Offline-Marketing mit Erfolgsgarantie: Der persönliche Kontakt

Beim Neukontakt, etwa bei Messen, Ausstellungen und Events, steht ihr potenziellen Kunden direkt gegenüber.

Bei der sogenannten Face-to-Face-Kommunikation ist die zwischenmenschliche Komponente ein unschätzbarer Vorteil. Der Kunde weiß, mit wem er es zu tun hat.

Dafür seid ihr als Solo-Selbstständige und Freelancer allein zuständig.

Wenn ihr mit einem Team zusammenarbeiten, bringt eure Mitarbeiterinnen und Mitarbeiter “auf Linie”.

Achtet auf eine kundenspezifische Ansprache. Setzt optische Highlights ein – zum Beispiel Halstücher, Ansteckbuttons oder Shirts in der Firmenfarbe.

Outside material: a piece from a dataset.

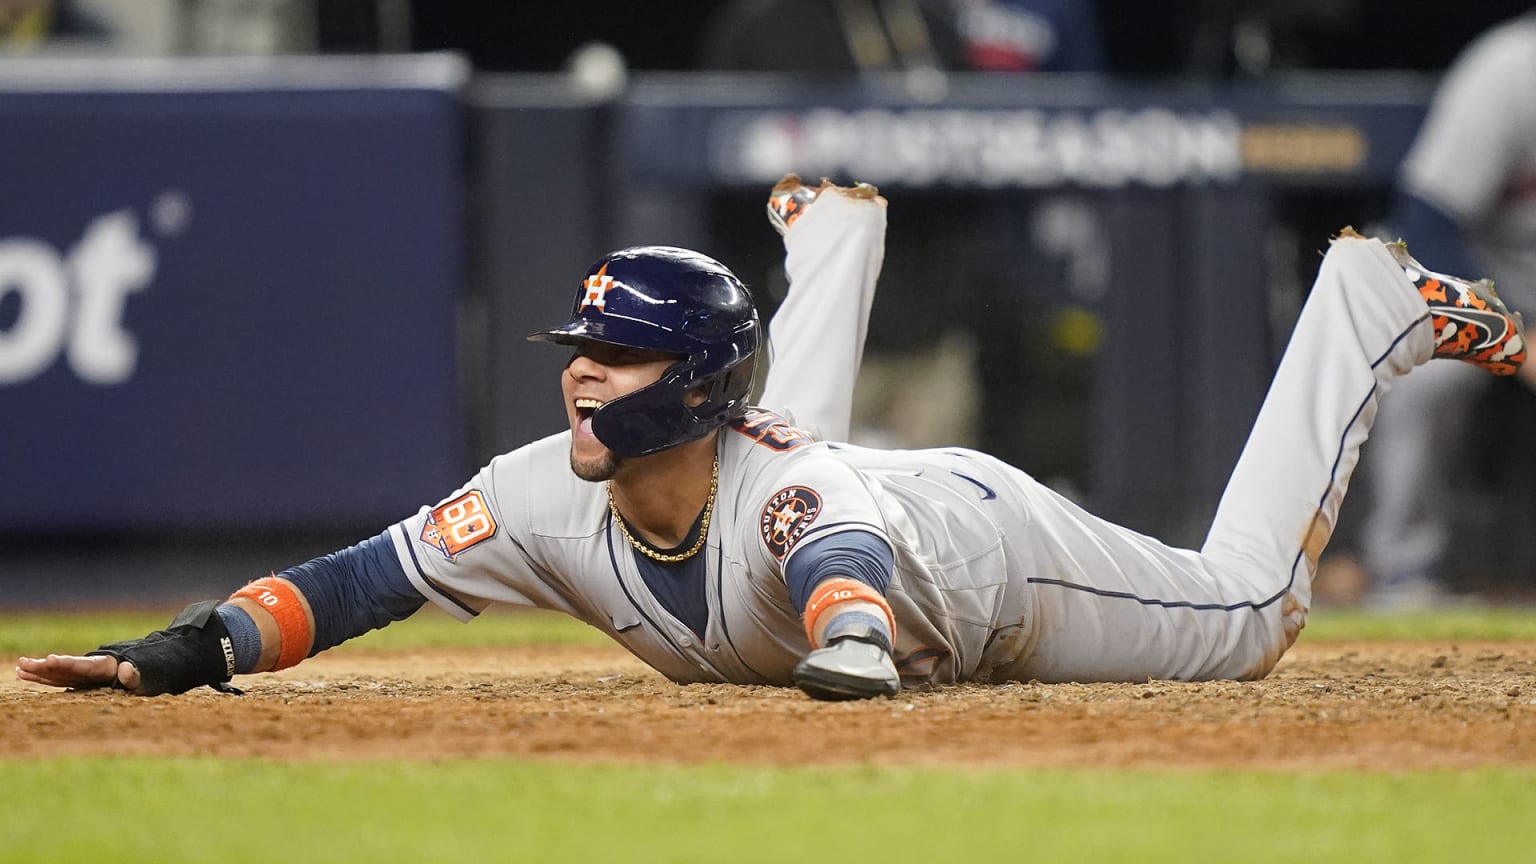 An Astros player is happily splayed out on his stomach after sliding home to score a run

Im gleichen Stil können Werbeartikel und Drucksachen gestaltet sein.

Übrigens: Bei einem persönlichen Austausch kommt auch ein Klassiker wie die Visitenkarte wieder zur Geltung. Das handliche Format eignet sich perfekt für die wichtigsten Infos: Wer seid ihr, was bietet ihr, wie seid ihr erreichbar? Eine moderne Visitenkarte enthält die Domain UND eure Firmendaten – das Beste aus den beiden Welten Online- und Offline-Marketing!